Le città marittime per la loro posizione, il loro ruolo di sentinella del mare ma anche di attrazione turistica, come nel caso di Venezia, dovrebbero essere le prime ad adottare regole e favorire comportamenti che riducano, contengano, migliorino l’impatto ambientale dello sversamento in mare di rifiuti plastici.

E’ di un mese fa la notizia che l’amministrazione comunale di Venezia ha aderito alla progetto promosso dal WWF di città “plasticfree” destinato proprio alle città marinare; l’approvazione all’unanimità rappresenta l’apertura di un file per la città lagunare che non significa aver oggi risolto il problema ma di impegnarsi per risolverlo: se l’adesione è gratuita, i progetti di attuazione devono fare i conti con costi che a partire dall’educazione dei cittadini e dei futuri ospiti quando torneranno, perché torneranno comunque, dovrà portare a metodi e mezzi per impedire che l’educazione a rispettare il proprio e altrui ambiente sia accompagnata da azioni concrete, ricordando che il problema non è impedire che vadano rifiuti in mare ma che siano recuperati anche quelli versati in 50 anni di pressapochismo normativo, superficialità politica, bende sugli occhi, blocco celebrare per non vedere, non annusare e possibilmente non toccare ma soprattutto lasciare alle generazioni future di risolvere un problema che non riguarda solo la convivenza degli umani ma l’intero ecosistema.

E’ noto ormai che la fondazione internazionale MacArthur, serbatoio di teste illuminate e credibili e meno prezzolate, stima che nel 2050 avremo per un pesce in circolazione nei mari, un pezzo di plastica galleggiante, che al di là dello stomaco dei pesci, si deposita sui fondali, si ancora come come triste bandiera ala flora marina, diventa casa se non tombe di creature marine incapaci di adattamenti rapidi al nuovo materiale. Se aggiunto alla crescente acidificazione del mare dovuto al cambiamento climatico innescato dalle emissioni gassose e dallo sversamento di acque tossiche nei mari del mondo, fornisce un quadro drammatico, le cui soluzioni continuiamo a diluire con qualunque scusa come nel rinvio a data post covid probabilmente, della introduzione delle plastiche biodegradabili in alcuni prodotti monouso, rimandato a data destinarsi con il decreto “mille-proroghe” del governo Conte2 di fine anno. Come se rimandare costasse meno anche per l’attuale situazione pandemica, mentre dall’altra si dice che il “green e sostenibile”, produrrà un nuovo sviluppo economico e milioni di posti di lavoro: detto e fatto appunto.

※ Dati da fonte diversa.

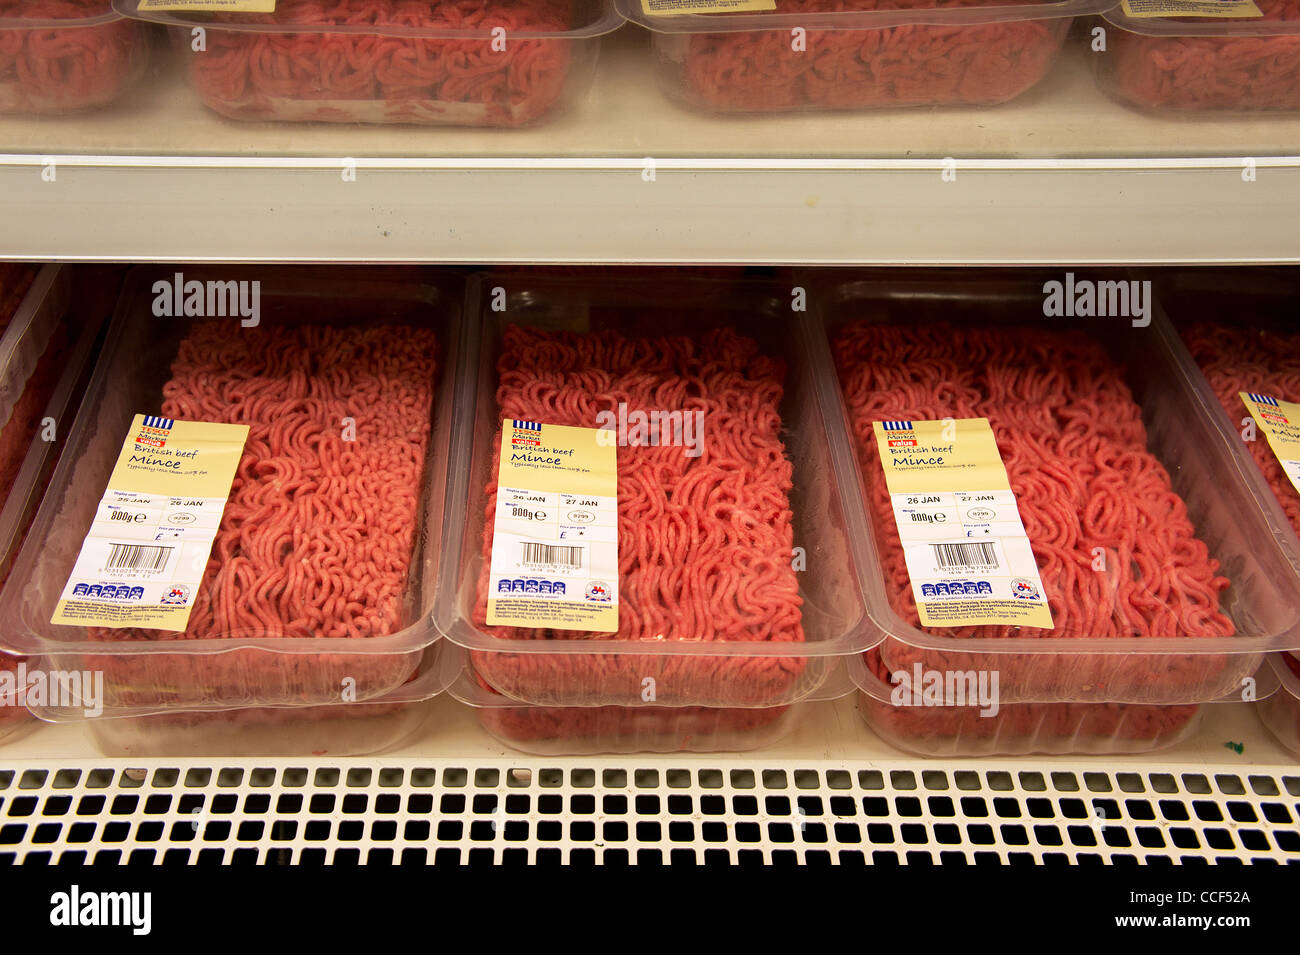 Empaquetado de carne cruda picada en un supermercado Tesco UK Foto de stock

Scrive WWF nel suo incipit al programma “plasticsmartcities”: oggi si stima che il 60% dei detriti marini di plastica provenga dai centri urbani, poiché i corsi d’acqua inquinati trasportano l’inquinamento da plastica nell’oceano. Quasi la metà di tutti i prodotti in plastica è stata infatti prodotta dopo il 2000 Questo problema è stato sollevato da anni di studi e allarmi degli scienziati, ma oltre il 75% di tutta la plastica prodotta è già rifiuto. Sebbene le città aumenteranno rapidamente la loro densità di popolazione per rappresentare i due terzi della popolazione mondiale entro il 2050, devono esse anche continuare ad adottare soluzioni intelligenti che riducano l’impatto collettivo delle loro comunità prospere. Sulla plastica, ciò significa prevenire, ridurre al minimo e gestire la plastica, sia come risorsa, sia come minaccia globale per i nostri oceani.” ….E campi coltivati e montagne…ci sarebbe da aggiungere.

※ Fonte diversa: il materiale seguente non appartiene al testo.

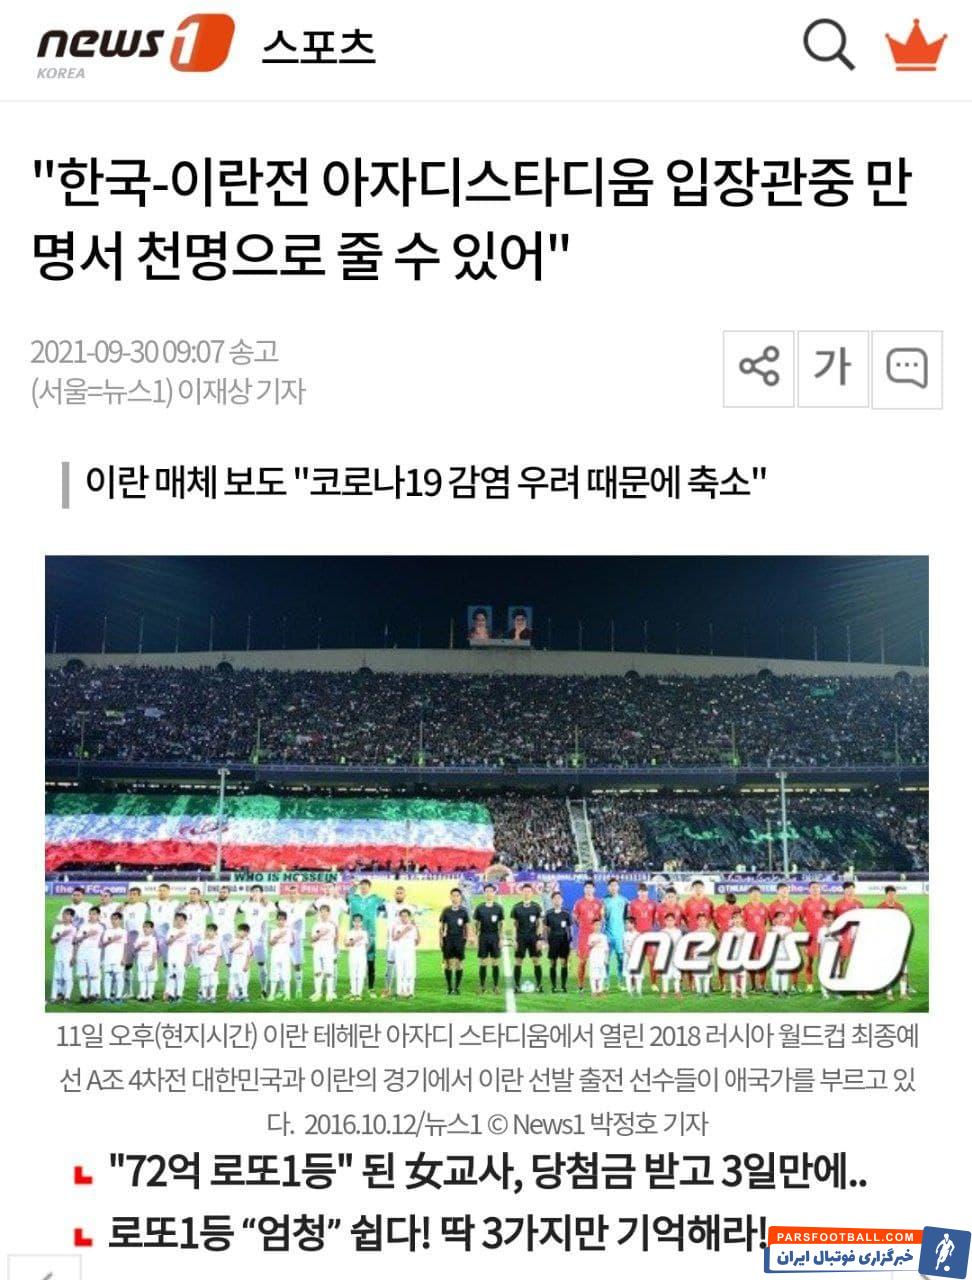 خوشحالی کره ای ها از حضور در ورزشگاه خالی آزادی

I numeri del costo dei vecchi e nuovi rifiuti plastici per l‘economia del Pianeta è di 8 miliardi di euro all’anno, come stimato nel rapporto 2016 Marine Litter Vital Graphics di Unep (United Nations Environment Programme) e Grid-Arendal. “Su scala europea, secondo uno studio commissionato ad Arcadis dall’Unione Europea, il marine litter costa 476,8 milioni di euro all’anno. Una cifra che prende in considerazione solo i settori di turismo e pesca perché non è possibile quantificare l’impatto su tutti i comparti dell’economia. In particolare, il costo totale stimato per la pulizia di tutte le spiagge dell’Unione Europea è pari a 411,75 milioni di euro, mentre l’impatto sul settore pesca è stimato intorno ai 61,7 milioni di euro.” Costa a chi? Di certo alle generazioni future visto che oggi si continua – alzi finalmente la mano chi è mosca bianca – a imitare gli struzzi.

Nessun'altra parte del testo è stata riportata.